# How Many recivers do you Have Dish And Directv Subs Can Anwser this Question



## pez2002 (Dec 13, 2002)

I have 2 Directv Receivers But we are getting a 3rd For my moms room 


So how many do you have


----------



## Cyclone (Jul 1, 2002)

Why do you want to know? You just keep your nose out of my business and we'll be ok.


----------



## pez2002 (Dec 13, 2002)

Excuse me This is A forum The Last time i checked and its a free country so i can ask questions if you dont wanna anwser my Question then dont respond


----------



## boba (May 23, 2003)

How do you want that question answered, owned receivers, receivers with active subscriptions? Do you want me to include the "C" band receivers I still have buried?


----------



## spanishannouncetable (Apr 23, 2002)

Why not just repost in the form of a poll ? Then everyone could answer anonymously. Options could be 1, 2, 3, 4, 5, 6, 7, 8 or more

Just a thought


----------



## pez2002 (Dec 13, 2002)

ok Erase this post i will repost it in a poll


----------



## platinum (Oct 28, 2002)

I have 4


----------



## Mark Holtz (Mar 23, 2002)

Currently: A 501 + two 301s.

Next tuesday: HDVR2 + two HBH-SAs. 

So, three receivers.... and my mom gets the standalone receivers. I get the PVR, but I'm the timeshifter of the family.


----------



## Mike D-CO5 (Mar 12, 2003)

3/508 dvrs and a 721 dvr.


----------



## JohnH (Apr 22, 2002)

Amazing, wanting to be anonymous on such an issue.


----------



## Msguy (May 23, 2003)

I agree with pez2002. If Cyclone didn't like this thread then he didn't have to respond. But since he did so in such a sarcastic way I think he's the one with the problem. Keep your nose out of this thread if you don't care for the topic. Noone is forcing you to reply.


----------



## Cyclone (Jul 1, 2002)

hehe, Gottcha!


----------



## dfergie (Feb 28, 2003)

501, 6000, 2600 dish, hughes- direct tv, uniden c-band ird, hooked up, 2- 1st gen. rca direct tv not used, 1 phillips direct not used, 2 sat -tec (ancient) c-band and one G.I. ird not used. (I am a pack-rat)


----------



## markh (Mar 24, 2002)

I have a 4900 and a 3900 in use and a 2800 that I'm not using.

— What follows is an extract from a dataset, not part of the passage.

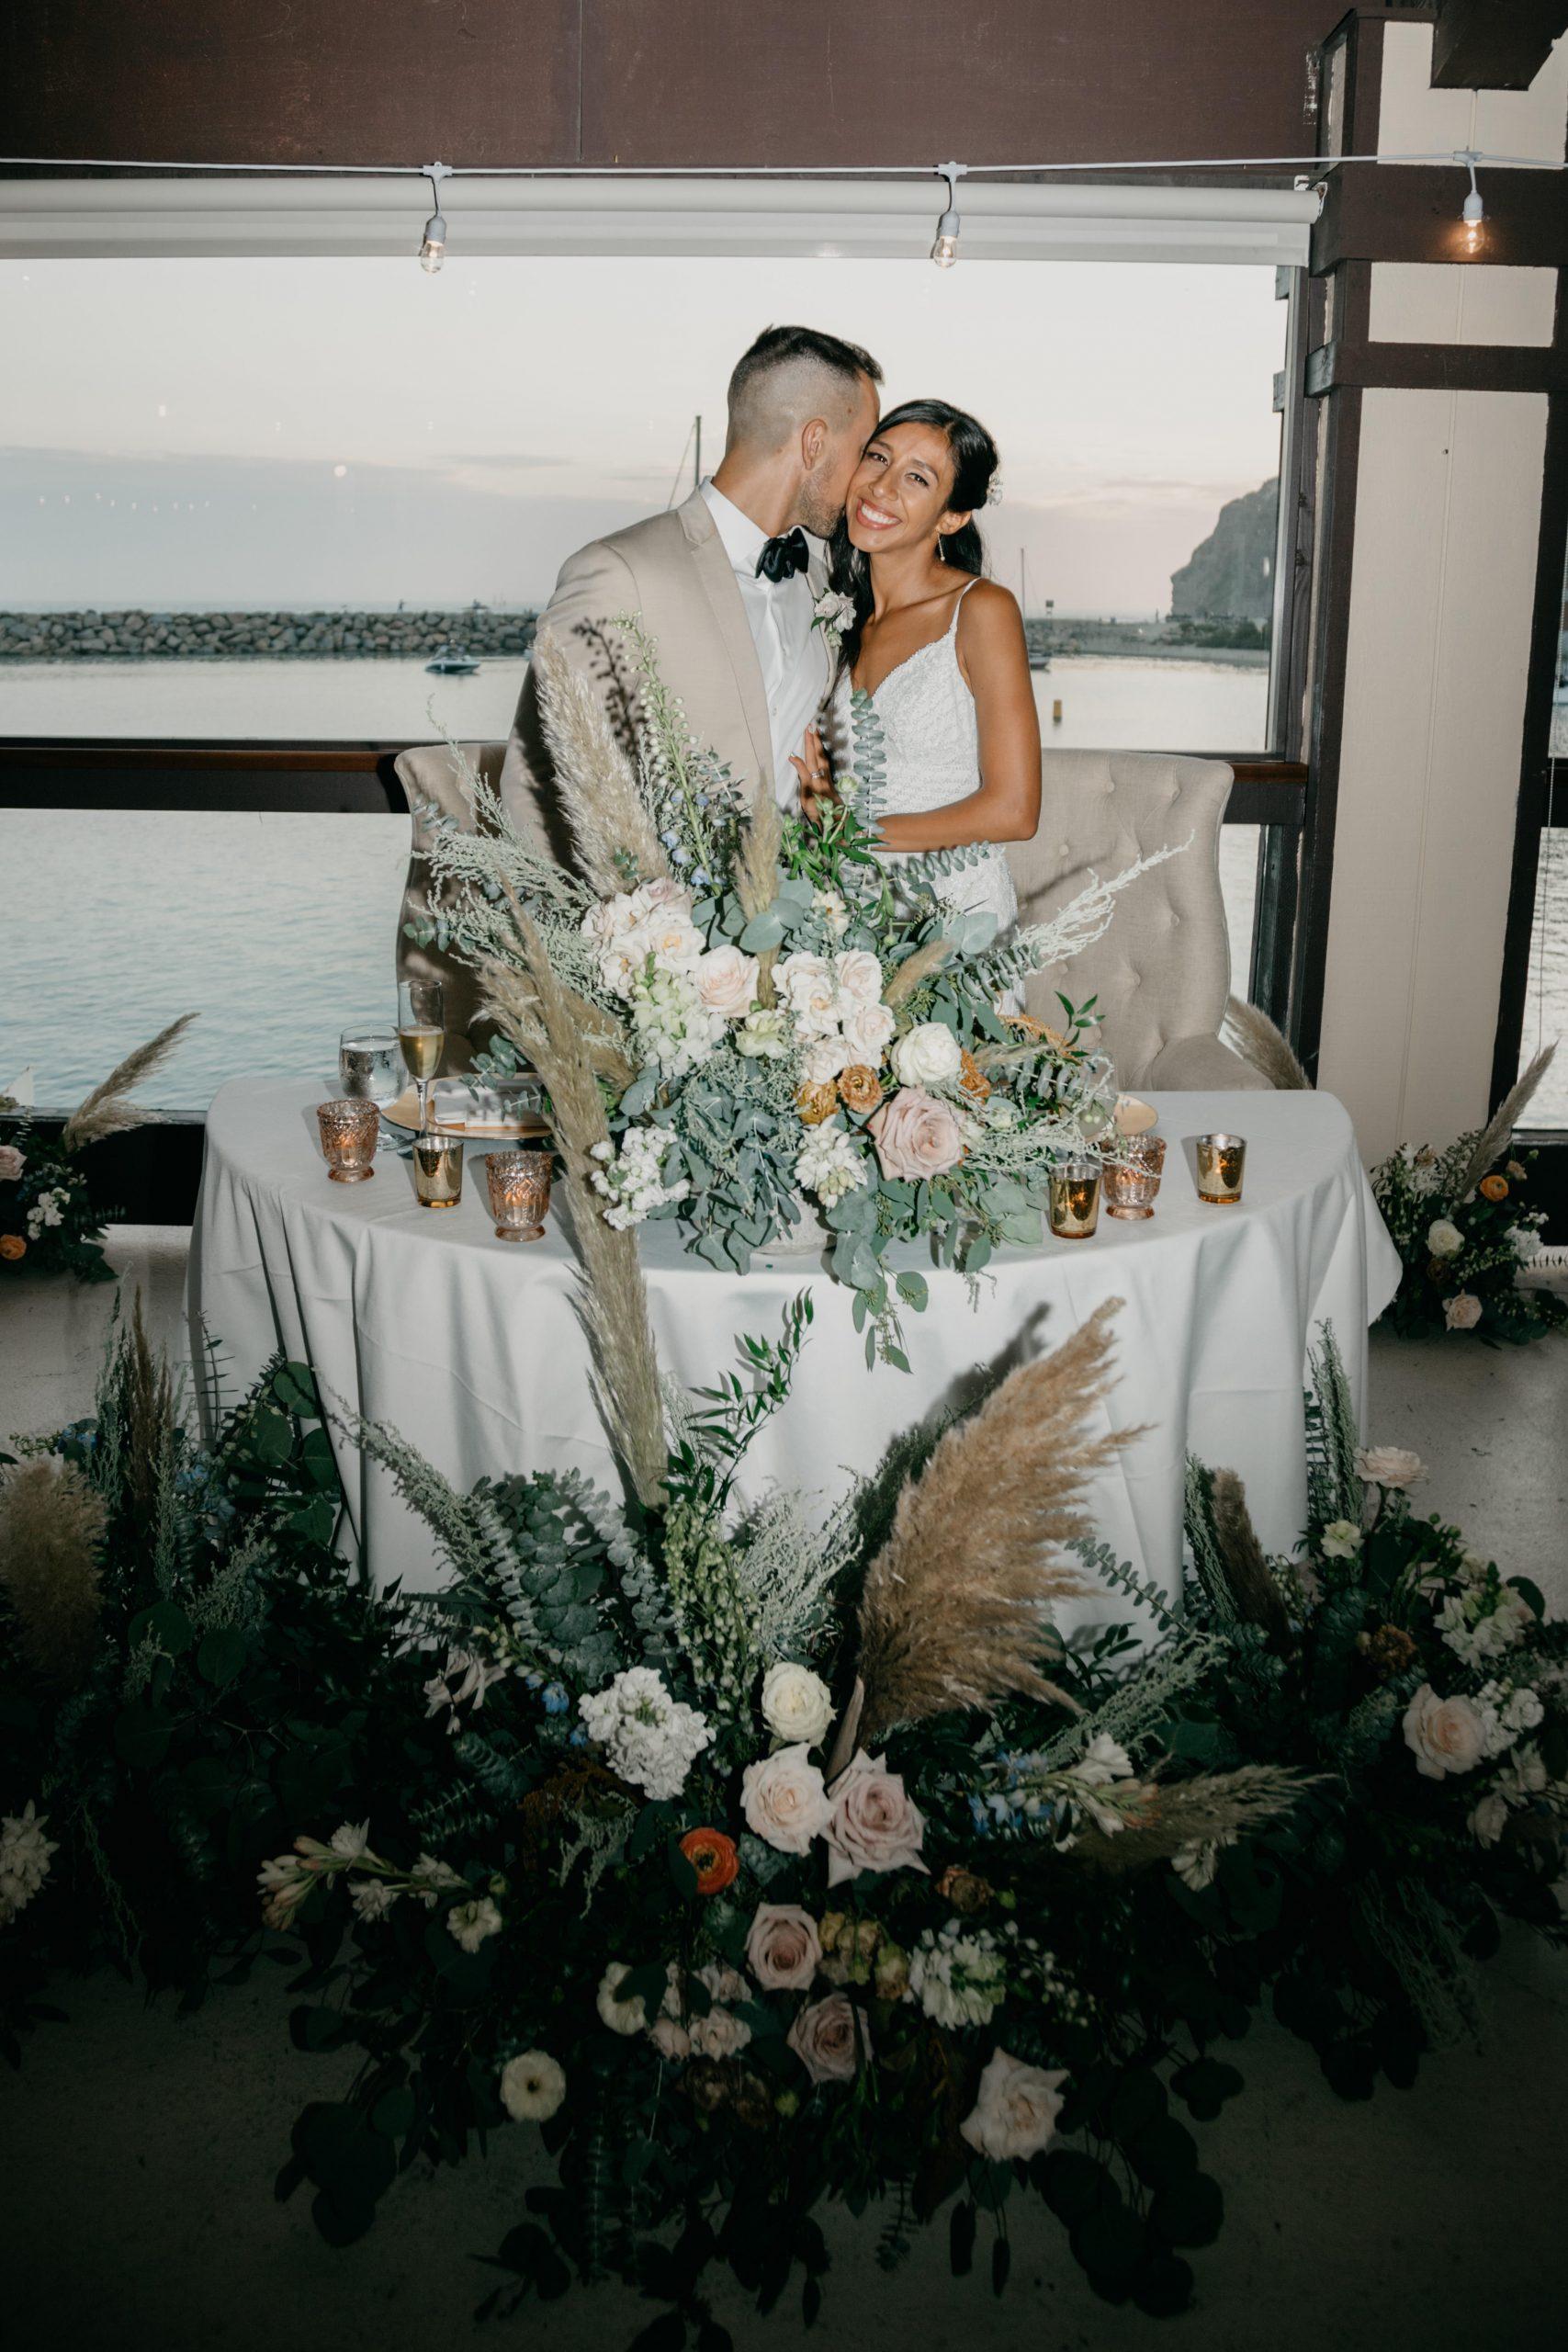 Bride and groom portrait, image by Fatima Elreda Photo

JohnH is my hero when it comes to satellite recievers. :eek2:


----------



## dswallow (Mar 31, 2003)

DirecTV: Zenith HD-SAT520, Sony SAT-T60, (2) Samsung SIR-S75, RCA DRD203RW, RCA DRD505RB
ExpressVu: 6000, 501


----------



## boba (May 23, 2003)

8 active Directv, 4 active DISH, 1 active "C" band, 4 parked DISH and 7 parked "C" band. Sorry I forgot 1 FTA digital receiver.


----------



## Richssat (Jul 2, 2002)

5 Functioning D* (1 Sony UTV, 2 Sony Sat B-60, 1 Hughes Gaebo, 1 RCA DRD480re)
1 Functioning E* (4900)

Others

7 Hughes E series
4 RCA DRD420re
5 Echostar 2800s
2 Samsungs 
1 Echostar 301
1 Motorola Digicypher (c-band)
2 Hughes GAEBOs (1 semi active test receiver)

and about 25 various D* and E* dishes

Garage sale anyone??????

Rich


----------



## Karl Foster (Mar 23, 2002)

1 - RCA DWD490RE Ultimatetv w/120GB HDD
1 - RCA DWD490RE Ultimatetv w/80GB HDD
1 - RCA DWD490RE Ultimatetv stock
1 - RCA DRD420 standard receiver

Other stuff:

1 - Mitsubishi 18" Dual-LNB dish
1 - Spaun 2X6 multi-switch (soon to be replaced with 2X8)
1 - wireless keyboard for UTV receivers


----------



## BobMurdoch (Apr 24, 2002)

Cyclone said:


> hehe, Gottcha!


I figured you were kidding.......

A 721 and Two Dishplayers (and a 4900 and 2700 sitting in the closet which are leased from E* from the Digital Dynamite plan.... it costs me $10 extra a month for them BUT i miss the $5 extra receiver fee, and I get the in home service plan wich saves me the $1.99 Extended Warranty (E* won't let me but it saying I am already covered), so it is a $3 a month insurance policy in case one of my receivers flakes out.


----------



## Littlebit92 (Aug 18, 2003)

JVC 3500, Dish 6000, JVC 3900, JVC 2900 in service
JVC 4500 stored


----------



## Pete K. (Apr 23, 2002)

A 501 and a 4900 that will be replaced this very day
with a 508.


----------



## HTguy (May 7, 2002)

One PVR501 feeding 3 TVs along with Winegard CR-7078 VHF/UHF/FM antenna. (Actually 2 TVs & an All-In-Wonder Video Card in my Sony VAIO computer.)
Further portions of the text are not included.